**PROBLEM DETAILS:**
Transcribe the listing exactly, skipping every picture.

**GIVEN DATA:**
Start of Block
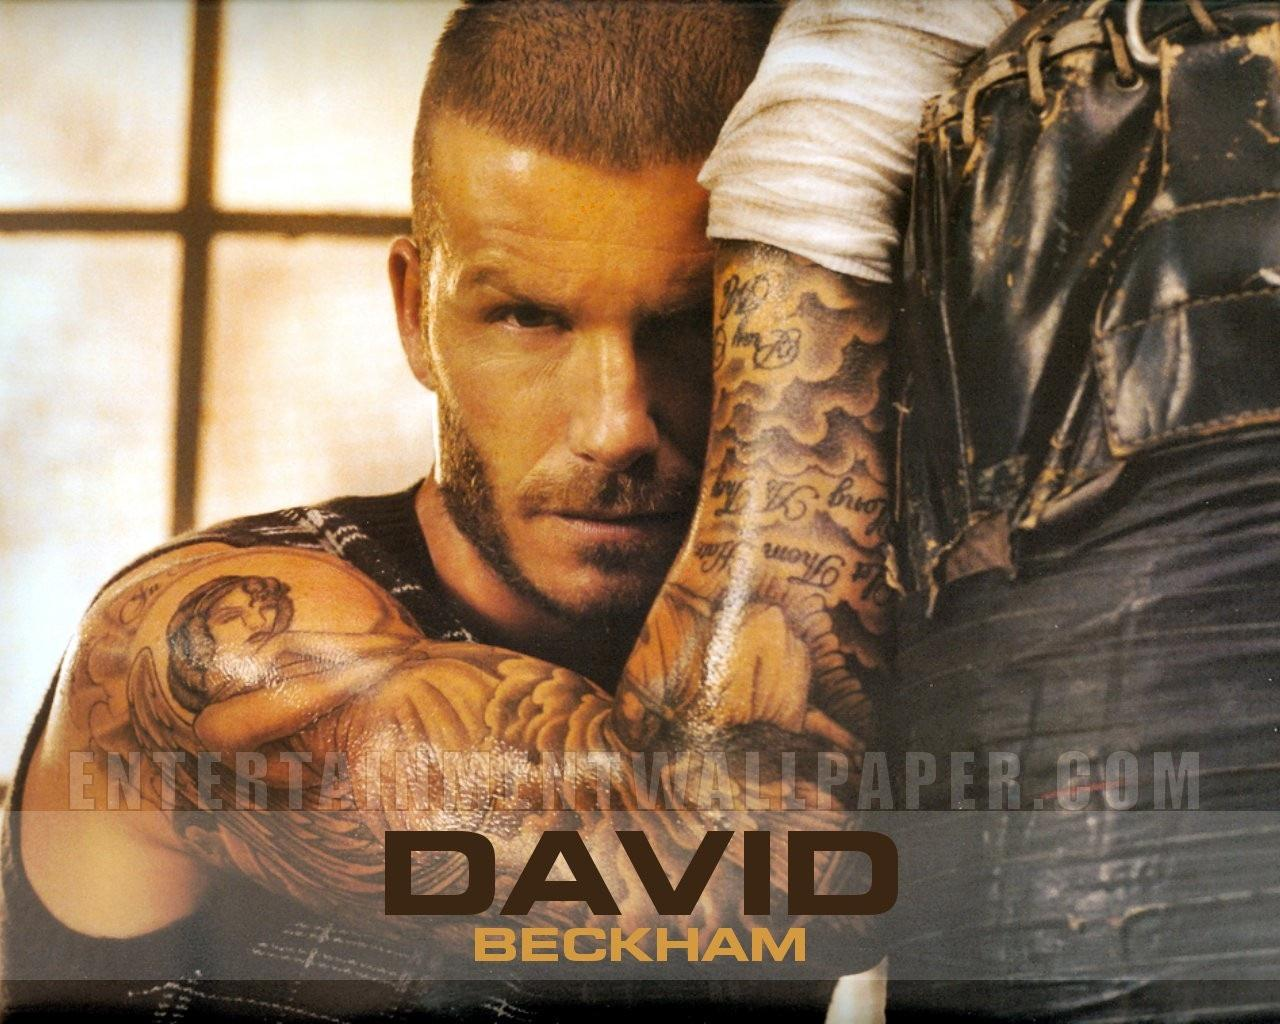 http://2.bp.blogspot.com/-a4Kic-XoH8Y/UOaJyT4xm7I/AAAAAAAALiA/ni22XR4YOzE/s1600/david-beckham-tattoo-wallpaper-1073789699.jpg
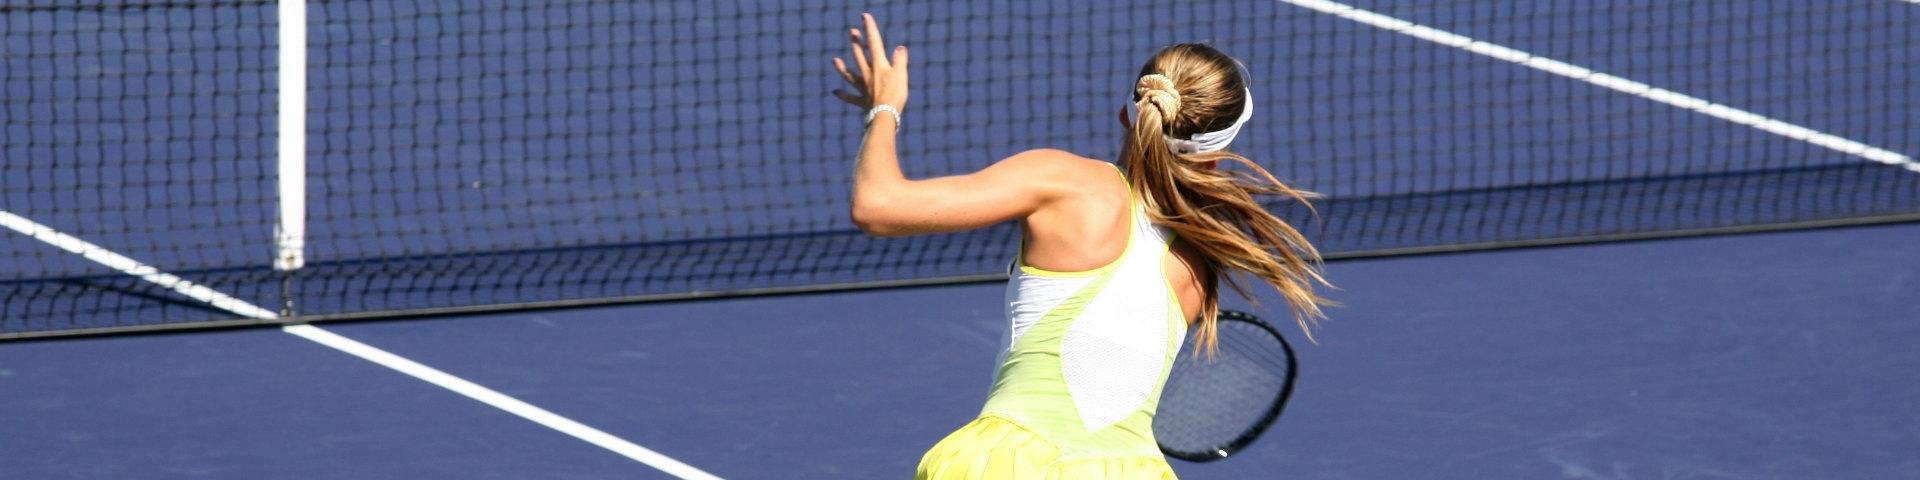 TennisWomen
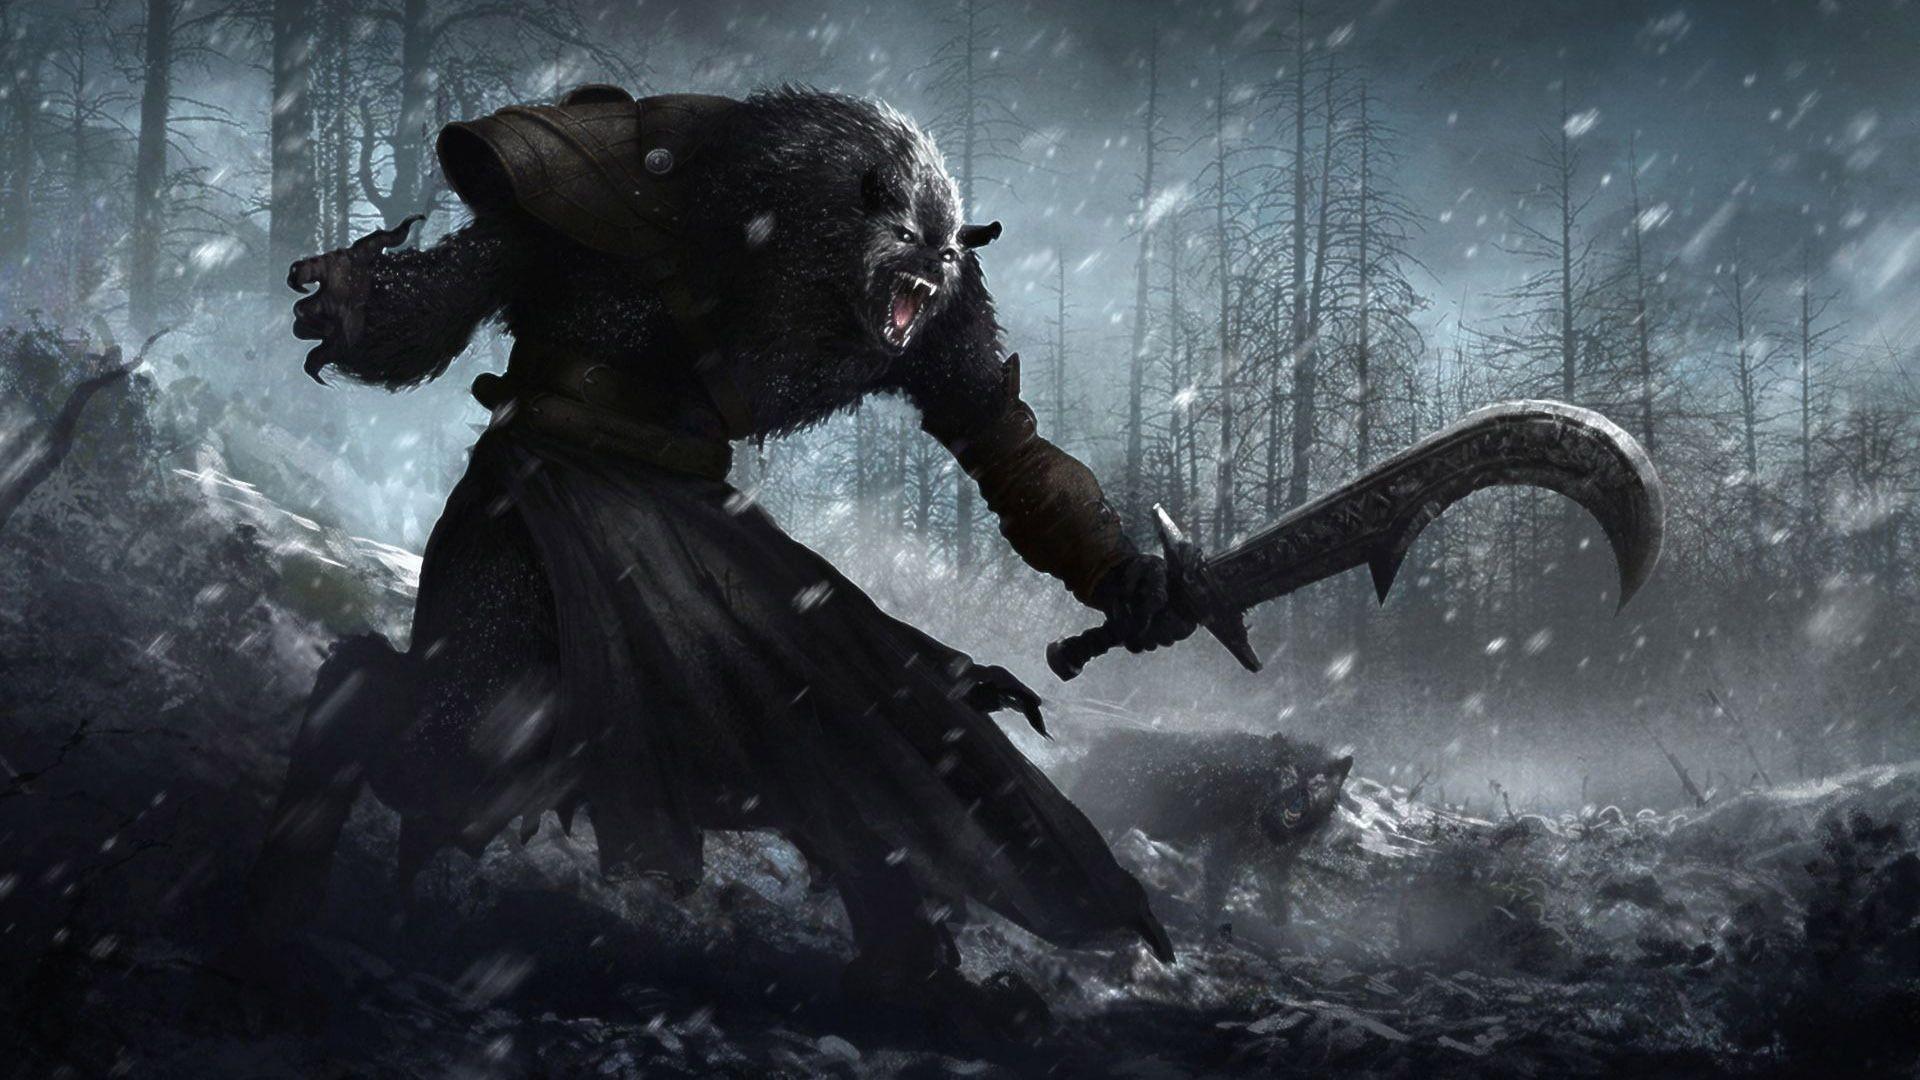 Werewolf cool wallpaper
End of Block
**WORKED SOLUTION:**
 http://2.bp.blogspot.com/-a4Kic-XoH8Y/UOaJyT4xm7I/AAAAAAAALiA/ni22XR4YOzE/s1600/david-beckham-tattoo-wallpaper-1073789699.jpg
 TennisWomen
 Werewolf cool wallpaper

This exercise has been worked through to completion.